Exergy, Exergy–Economics and Pinch Analyses of Butadiene Production Process from Sweet Sorghum

Abstract

Abstract The utilization of biomass to generate energy, chemicals and materials is one of the essential elements of sustainable development. It would be beneficial if substitutes for these petrochemicals are developed with an eye to the future. Currently, research is being done to discover ways to produce petrochemicals in an eco-friendlier way, e.g., converting biomass towards bulk chemicals like butadiene. Butadiene is an essential element in the petrochemical sector, and demand for it has increased along with the expansion of the petrochemical market. Furthermore, rubber products have a wide range of applications in the automotive, oil and gas, medical and plastic industries.
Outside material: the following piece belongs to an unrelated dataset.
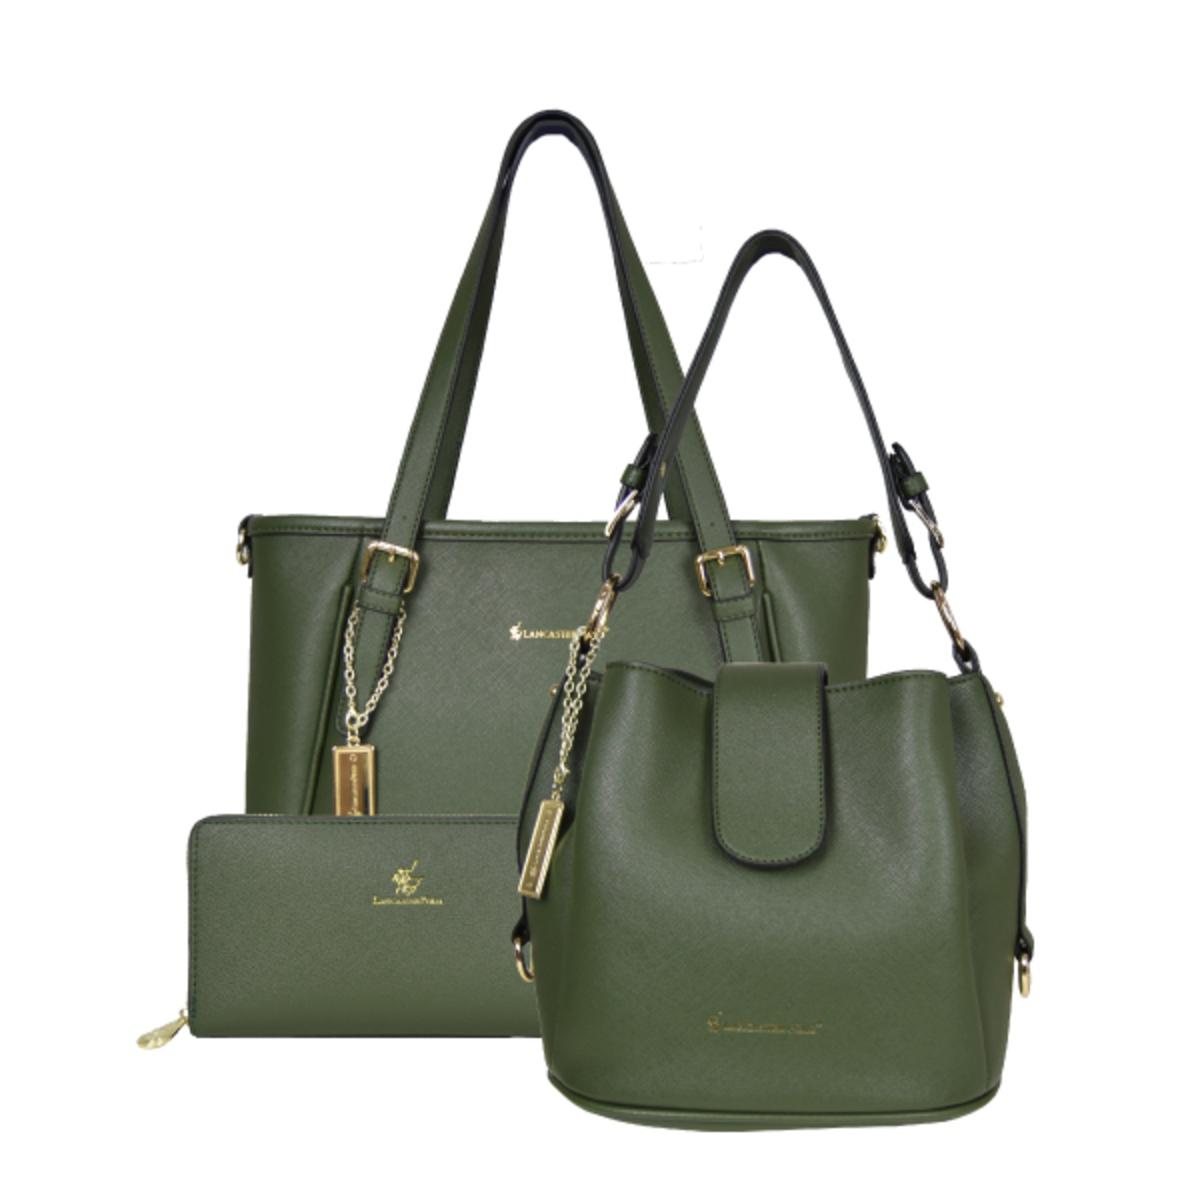 6d3fa752b6 Lancaster Polo Saffiano Handbag Set | Go Shop

When oil prices are stable, the rubber market becomes steady and prices become reasonable. In contributing to this development, an energy efficient plant has been designed in this work. The plant uses sweet sorghum as the main raw material stream and produced 30,000 kg/hr of 1, 3-butadiene. The process consisted of four distinct stages: juice extraction, fermentation, ethanol dehydration and butadiene separation. The thermodynamic method used in the simulation was Non-Random Two-Liquid (NRTL) model. The results from the work provided a design and an economic analysis for a complete butadiene production plant. Mass and energy balances were also provided, and the utility requirements were determined by exergy, exergy-economics and pinch studies using Aspen Plus software.